The FDA has strengthened the label safety warning for the antifibrinolytic drug aprotinin (Trasylol, Bayer), emphasizing the importance of limiting use of the agent to patients undergoing CABG.
The labeling change comes after months of FDA review, culminating in a Cardiovascular and Renal Drugs Advisory Committee hearing in late September 2006. The committee’s conclusions—that the drug is a safe and effective way to reduce bleeding complications in high-risk CABG—have been eclipsed in recent months by ongoing debate over new data pointing to increased risk of death, serious kidney damage, congestive heart failure, and stroke with the drug, as reported by heartwire.
In an FDA press release issued last Friday, Dr Steven Galson, director of the agency’s Center for Drug Evaluation and Research, explained, “The purpose of the label change is to inform physicians and patients about the risks associated with Trasylol and to ensure they understand the new warnings and use the product as directed by the label.”
The new labeling emphasizes that aprotinin should be used only in patients undergoing CABG with cardiopulmonary bypass, who are at an increased risk for blood loss and blood transfusion. The new label also warns that aprotinin increases the risk of kidney damage and provides suggestions for managing and reducing risk of hypersensitivity reactions.
Commenting on the labeling changes for heartwire, Dr William Hiatt (University of Colorado Health Sciences Center, Denver), who chaired the committee hearing in September, said it was appropriate for the FDA to focus on renal risks. “In our Cardio Renal review, the strongest safety signal in the data we had before us was the renal damage, and it appears that the FDA is keying on that, which is appropriate.”
Hiatt continued, “I strongly agree that physicians need to stick to the labeled indications for Trasylol, given the potential for safety concerns. The FDA is also emphasizing the need to stay on label, which is appropriate.”

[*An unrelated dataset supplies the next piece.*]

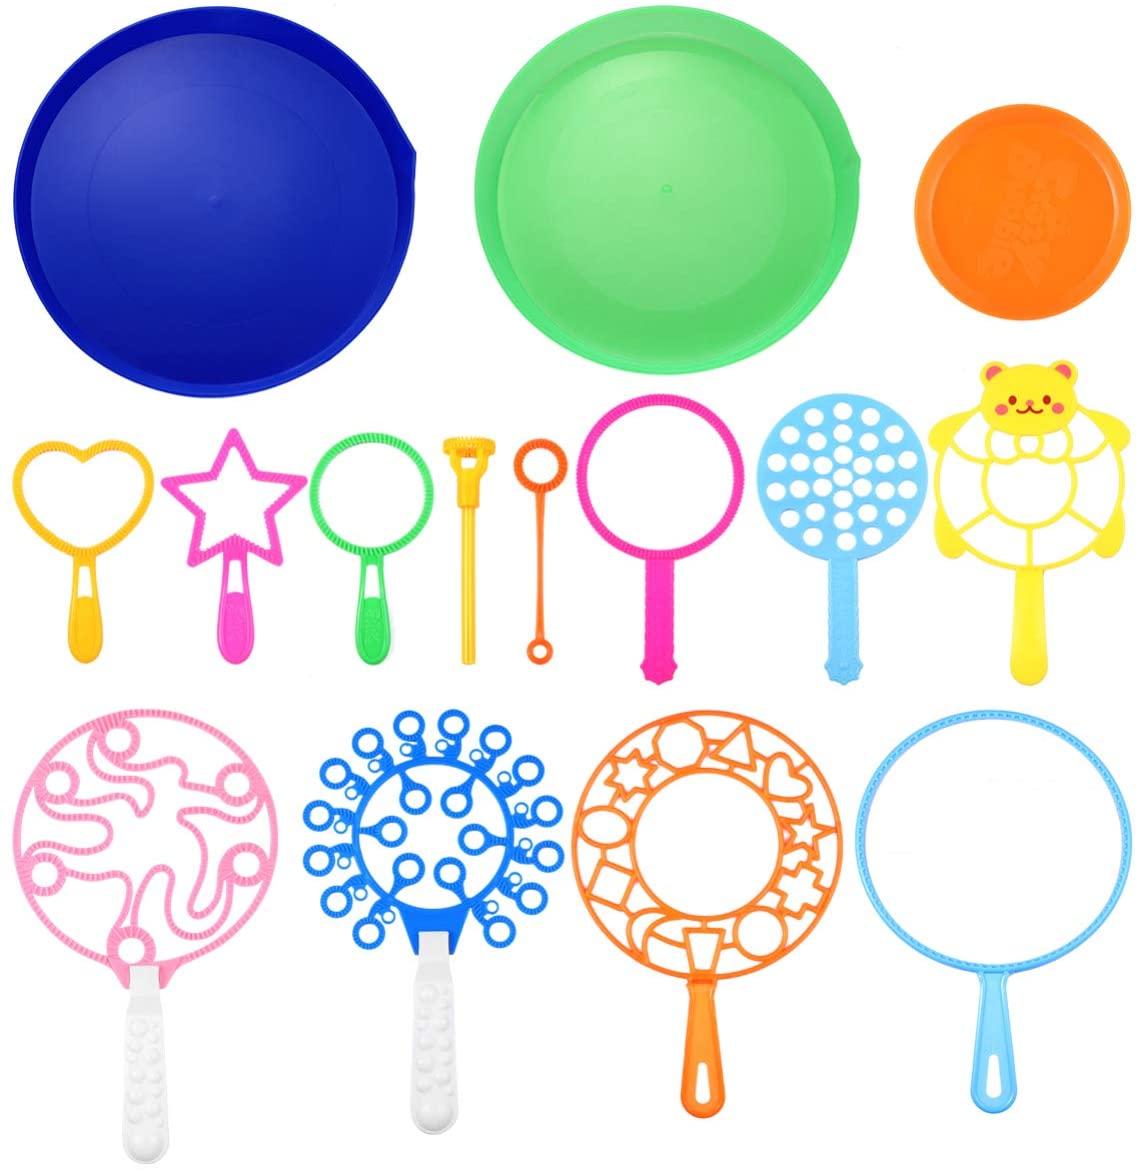 LIOOBO 15PCS Blowing Bubble Blowers Ring Toys Bubble Wand Sets Bubble Makers Toys for Kids Boys Girls,Random Color

Hiatt also reminded heartwire that at the time the FDA panel met to review aprotinin, one safety study—by Mangano et al—had not been independently reviewed by the FDA and that a second analysis commissioned by the drug manufacturer did not come to light until after the committee hearing. Ongoing review of that information may necessitate further action. Accordingly, said Hiatt, “The most important phrase [in the FDA’s announcement of the labeling changes] is the second-to-last sentence, that the review is ‘continuing and may result in other actions.’ I support that approach, too.”